Okay well our code guy reached out to his local state group of building officials and got strong support for his interpretation on 1029 applicability.  So we went back to the Fire Guy today--wish us luck.

this might be helpful for anyone working on this issue.  We were forwarded this IBC item regarding 1029 applicability.

IBC Code Correlation Committee Code Proposal

BC27–09 CCC 1029.1 (IFC * 1029.1)*

*Proponent: Sarah A. Rice, C.B.O., representing self*

*Revise as follows: 1029.1 (IFC ** 1029.1)*

*General.
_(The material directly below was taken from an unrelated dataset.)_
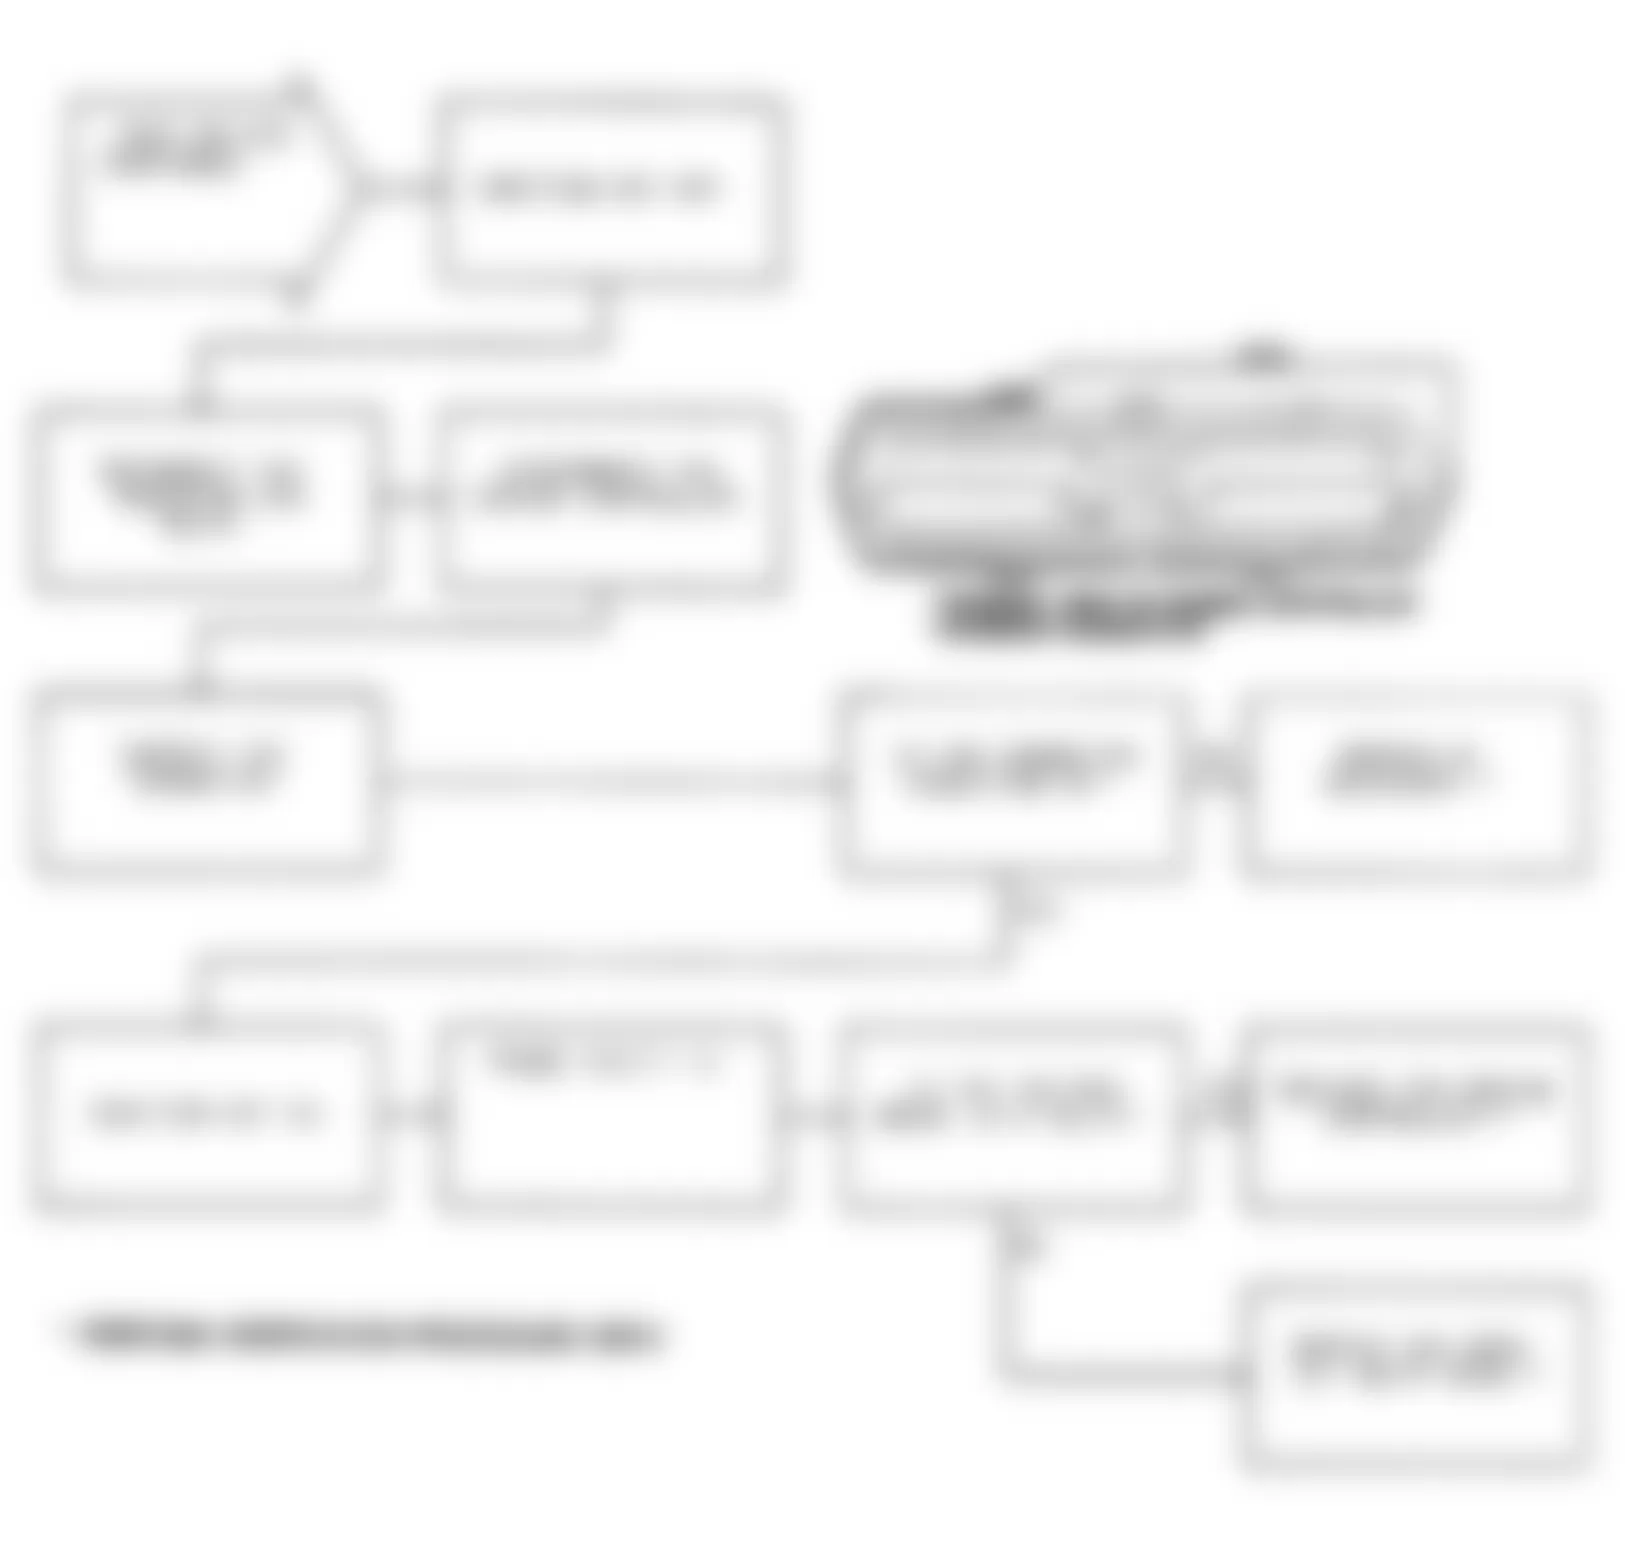 Chrysler New Yorker Fifth Avenue 1991 - Component Locations -  Test DR-27A Code 35: Flowchart (2 of 2)

In addition to the means of egress required by this chapter, provisions shall be made for emergency escape and rescue in Group R and I-1 R-3 occupancies.*

*Basements and sleeping rooms below the fourth story above grade plane shall have at least one exterior emergency escape and rescue opening in accordance with this section.*

*Where basements contain one or more sleeping rooms, emergency egress and rescue openings shall be required in each sleeping room, but shall not be required in adjoining areas of the basement.*

*Such openings shall open directly into a public way or to a yard or court that opens to a public way.*

*Exceptions:*

*1. In other than Group R-3 occupancies, buildings equipped throughout with an approved automatic sprinkler system in accordance with Section 903.3.1.1 or 903.3.1.2.*

*2. In other than Group R-3 occupancies, sleeping rooms provided with a door to a fire-resistance-rated corridor having access to two remote exits in opposite directions.*

* 3. The emergency escape and rescue opening is permitted to open onto a balcony within an atrium in accordance with the requirements of Section 404, provided the balcony provides access to an exit and the dwelling unit or sleeping unit has a means of egress that is not open to the atrium.*

*4.1. Basements with a ceiling height of less than 80 inches (2032 mm) shall not be required to have emergency escape and rescue windows.*

*5. High-rise buildings in accordance with Section 403.*

*6.2. Emergency escape and rescue openings are not required from basements or sleeping rooms that have an exit door or exit access door that opens directly into a public way or to a yard, court or exterior exit balcony that opens to a public way.*

*7.3. Basements without habitable spaces and having no more than 200 square feet (18.6m2) in floor area shall not be required to have emergency escape windows.*

*Reason: The proposal is intended to revise and eliminate outdated material. Group I-1 and all R occupancies are required to protected by automatic sprinkler system per sections 903.2.5 and 903.2.7, respectively.*

* Existing exception #2 exempts all occupancies other than R-3 when protected by a sprinkler system.*

*Thus Section 1029 only applies to R-3 occupancies and the exceptions related to other occupancies can be deleted.*

* Specifically*

*Exception 1 is the sprinkler exception; it is not needed.*

*Exception 2 only applies to occupancies other than R-3; therefore it is not needed.*

*Exception 3 applies in atriums; atriums are unlikely to have R-3 occupancies.*

*Exception 5 applies to High-rise buildings which have to have a sprinkler system per section 403, thus they have been exempted twice.*

*These provisions are remnants from the time when the code did not require sprinkler protection in all R and I-1 occupancies and are no longer needed.*

*Arguments that these exceptions should not be eliminated because some jurisdictions do not require sprinklers for all R-occupancies, or that they use it for guidance of existing structures which are not sprinklered should not be a consideration.*

*If jurisdictions are amending the code to eliminate requirements, they should be balancing that with appropriate additions.*

* This section should not be used for existing buildings. Cost Impact: The code change proposal will not increase the cost of construction. ICCFILENAME:Rice-E3-1029.1*


----------



## jeffreygordon

well, we sure didnt get very far with that approach!  here is what we got back in response to our latest support of our interpretation.

From The Fire Guy

"There is no issue with the egress from each story, the concern is that the 2012 IBC removed the exception being referenced and the emergency escape window from sleeping rooms are required even if the building is sprinkled. I don’t think that what I being asked to do is to disregard the code change because research shows that, as written, it was a mistake.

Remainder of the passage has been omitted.